La segunda gran controversia, ya en pleno siglo V, versó sobre el misterio de la


Encarnación. Al interrogarse sobre la humanidad y la divinidad de Cristo, confesada
siempre por la Iglesia, hubo algunos que minusvaloraron la divinidad, de modo que
hacían de Jesucristo un hombre perfectísimo, habitado por la divinidad, lleno de todas
las cualidades, pero sólo hombre. Ésta fue la actitud de Nestorio, Patriarca de
Constantinopla, que al negar a la Virgen María el título de Madre de Dios, provocó la
reacción de San Cirilo, Patriarca de Alejandría. El tercer Concilio ecuménico, reunido
en Éfeso (año 431), definió la verdadera divinidad de Jesucristo y la maternidad divina
de María. El nestorianismo sobrevivió fuera de las fronteras del Imperio Romano y se
propagó por Oriente, hacia Persia, la India y China.

En el ardor de la polémica antinestoriana, algunos alejandrinos pusieron en duda la


plena humanidad del Señor. Surgió así, casi inmediatamente, la herejía monofisita, que
afirmaba que tras la unión del Verbo con la carne, la naturaleza humana de Cristo
había sido "absorbida" por el Verbo o, al menos, disminuida. Este error, de talante
espiritualista, se difundió mucho por Oriente, sobre todo en círculos monásticos, y puso
en gravísimo peligro la genuina fe católica. De nuevo los Padres de la Iglesia tomaron la
antorcha de la fe y, con la ayuda del Espíritu Santo, reunidos en el Concilio de
Calcedonia (año 451), propusieron el dogma de la unión hipostática de las dos
naturalezas de Cristo (divina y humana) en la única Persona del Verbo: "sin confusión,
sin mutación, sin división, sin separación." Particular importancia reviste en estos
momentos la figura del Papa San León Magno. Sin embargo, la historia del
monofisismo no terminó en Calcedonia. Bajo formas más suaves siguió siendo objeto
de debate y de cismas, y continuó vivo en Armenia, Mesopotamia, Egipto y Abisinia,
dando origen a diversas Iglesias nacionales que permanecen en nuestros días.

Como se ve, casi todas las grandes controversias teológicas se originaron en el Oriente
cristiano, y allí en efecto se resolvieron por obra de los cuatro primeros Concilios
ecuménicos. No fue pequeña, sin embargo, la aportación de Occidente en la resolución
de las dificultades, tanto por medio de los obispos como mediante la celebración de
Sínodos provinciales y la doctrina de los grandes Padres de la Iglesia latina; además de
los ya recordados anteriormente, es justo citar a San Jerónimo y a San Agustín.

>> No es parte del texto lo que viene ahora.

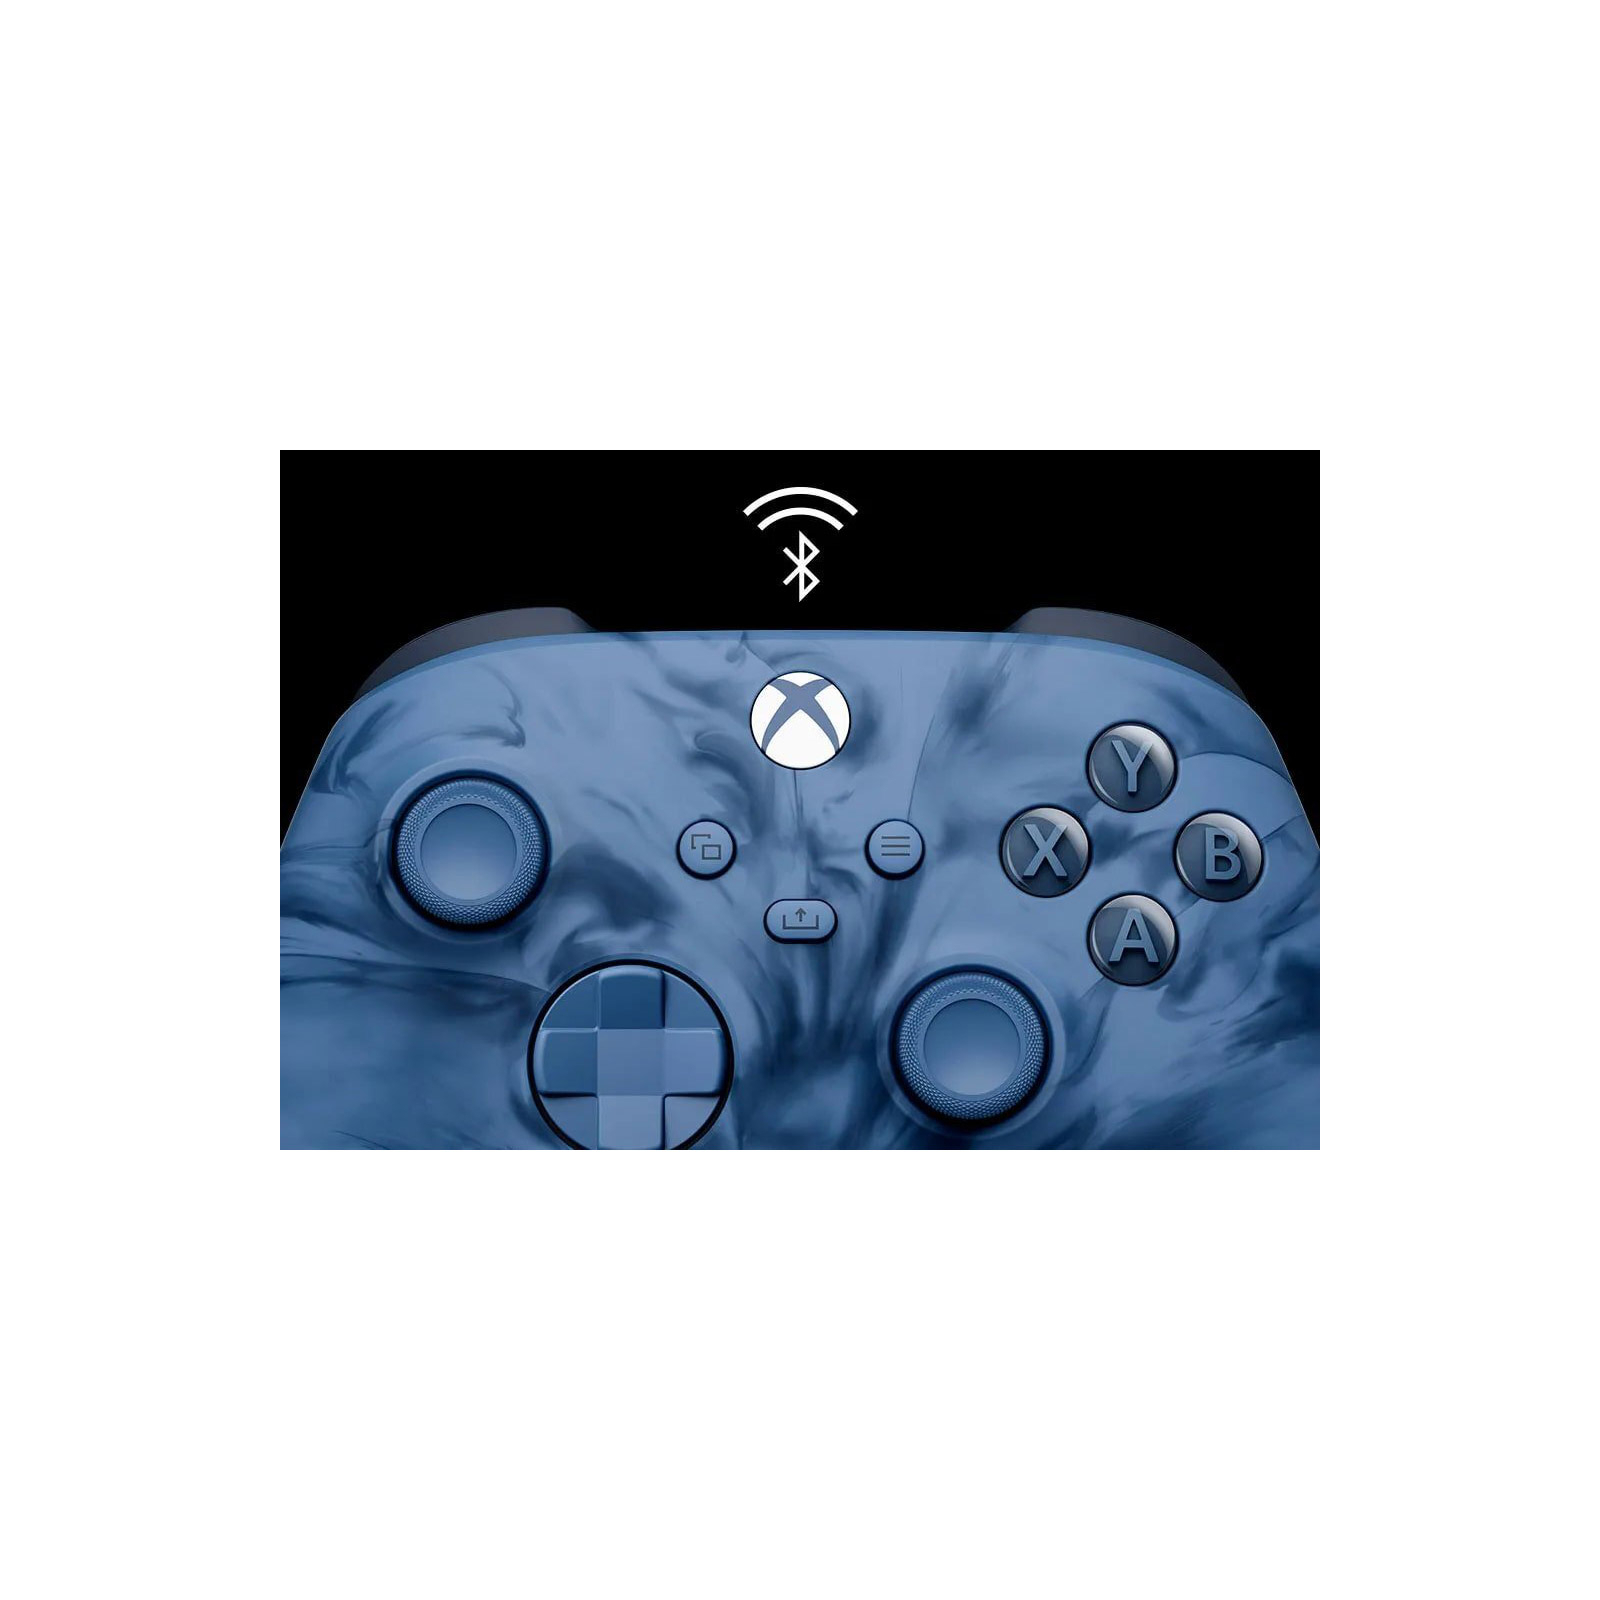 Геймпад Microsoft Xbox Wireless Controller Stormcloud Vapor (QAU-00130) изображение 5

La única gran discusión teológica desarrollada en Occidente fue promovida por Pelagio,
un monje bretón que se ganó fama en Roma por su rigorismo moral. En el año 410, con
ocasión del saqueo de la ciudad por los bárbaros, se refugió en el norte de África, donde
— secundado por su discípulo Celestio — predicó abiertamente que la libertad decide el
último destino del hombre. El pecado original no sería otra cosa que un "mal ejemplo"
de nuestros primeros padres, no un verdadero "estado de pecado" que se transmite a
todos con la generación; los niños no serían bautizados para la remisión de los pecados
(que no existirían en ellos); cada hombre vendría al mundo en las mismas condiciones
en que fue creado Adán; la muerte sería consecuencia de la naturaleza, no la pena del
pecado... Con estas premisas, quedaba anulada la obra de la Redención realizada por
Jesucristo.

En África, Pelagio fue condenado por un Concilio provincial y además encontró un


hombre especialmente preparado para rebatirle: el obispo Agustín de Hipona, que con
su humildad y su ciencia sentó las bases de la doctrina católica sobre la salvación, que
armoniza la gracia divina con las obras humanas. A consecuencia de la actividad de San
Agustín, que escribió libros muy importantes sobre esta cuestión, en el año 418 se
reunió un Concilio plenario en Cartago, que desenmascaró las doctrinas pelagianas. El
Papa Zósimo, que en un primer momento había sido engañado por las falsas disculpas
de Pelagio y Celestio, escribió entonces una carta circular (Epístola tractoria), dirigida a
las mayores sedes episcopales de Oriente y Occidente, exponiendo la recta doctrina
católica.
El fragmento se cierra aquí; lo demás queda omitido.